Log the failure with the request and the final error list — these are your best signal for where the spec itself is ambiguous.
Reject with a clear error (for example, a 422 with the validation messages) rather than shipping a broken config downstream.
Escalate to a human for high-stakes paths.

Whatever you do, don't burn tokens hoping that attempt seven will magically work.

When to Use This (and When Not To)

Here's the simple test: can you write a function that returns true or false for your agent's output?

If yes, wire that function into a generate → validate → retry loop. Your validator already exists, you just haven't put it in the agent's feedback path yet:

JSON output? You already have a schema. Run jsonschema.validate().
SQL output? Run EXPLAIN — the database tells you if it parses.
Code output? Compile it. Run the tests. Those are your validators.
Terraform? terraform validate exists for exactly this reason.

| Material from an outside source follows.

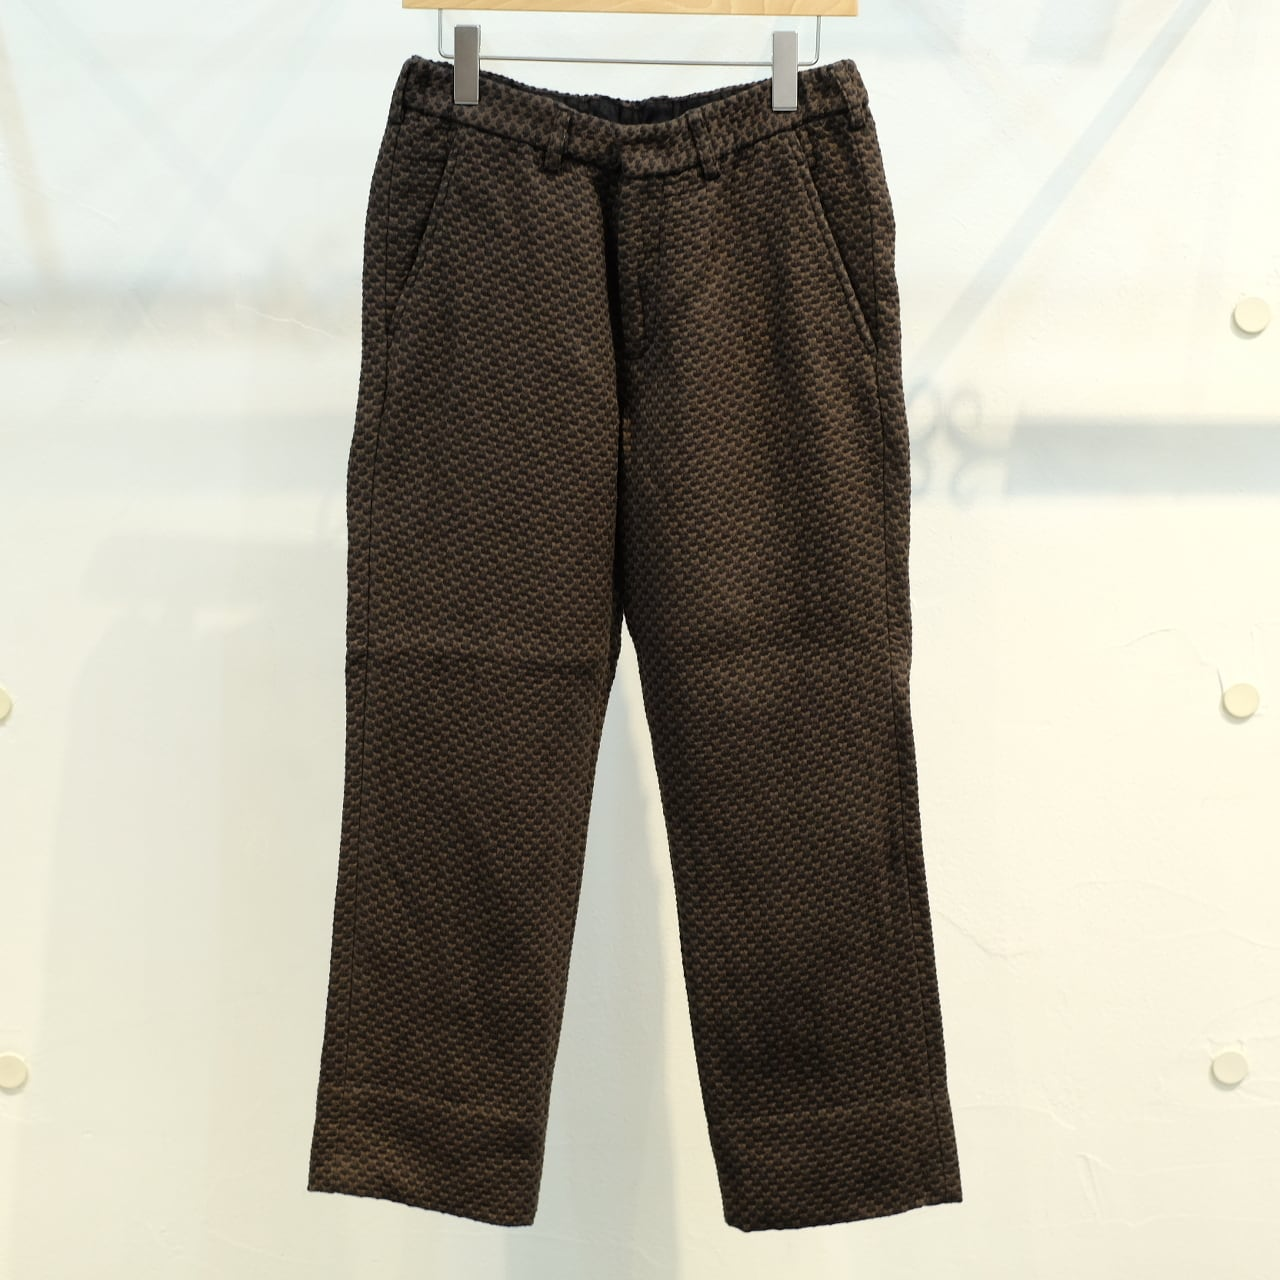 KUON(クオン) 二重十字刺し子織 ロングパンツ 表泥色バージョン

If no – if "correct" is subjective (tone of an email, quality of a summary, persuasiveness of copy) — then you're back to reflection or human review. That's fine. Reflection works for subjective quality. Reflection just doesn't work when there's a right answer and a wrong answer.

The Takeaway

Build the validator first and the agent second. Your validator IS your spec. It defines "correct" in machine-checkable terms. Once you have that, your agent becomes a simple loop with a deterministic exit condition, and you can reason about its reliability with real confidence instead of hoping your prompt is clever enough.

Stop asking LLMs to verify themselves for deterministic output. Give them a mirror that actually reflects reality.

All opinions are my own and don't represent my employer.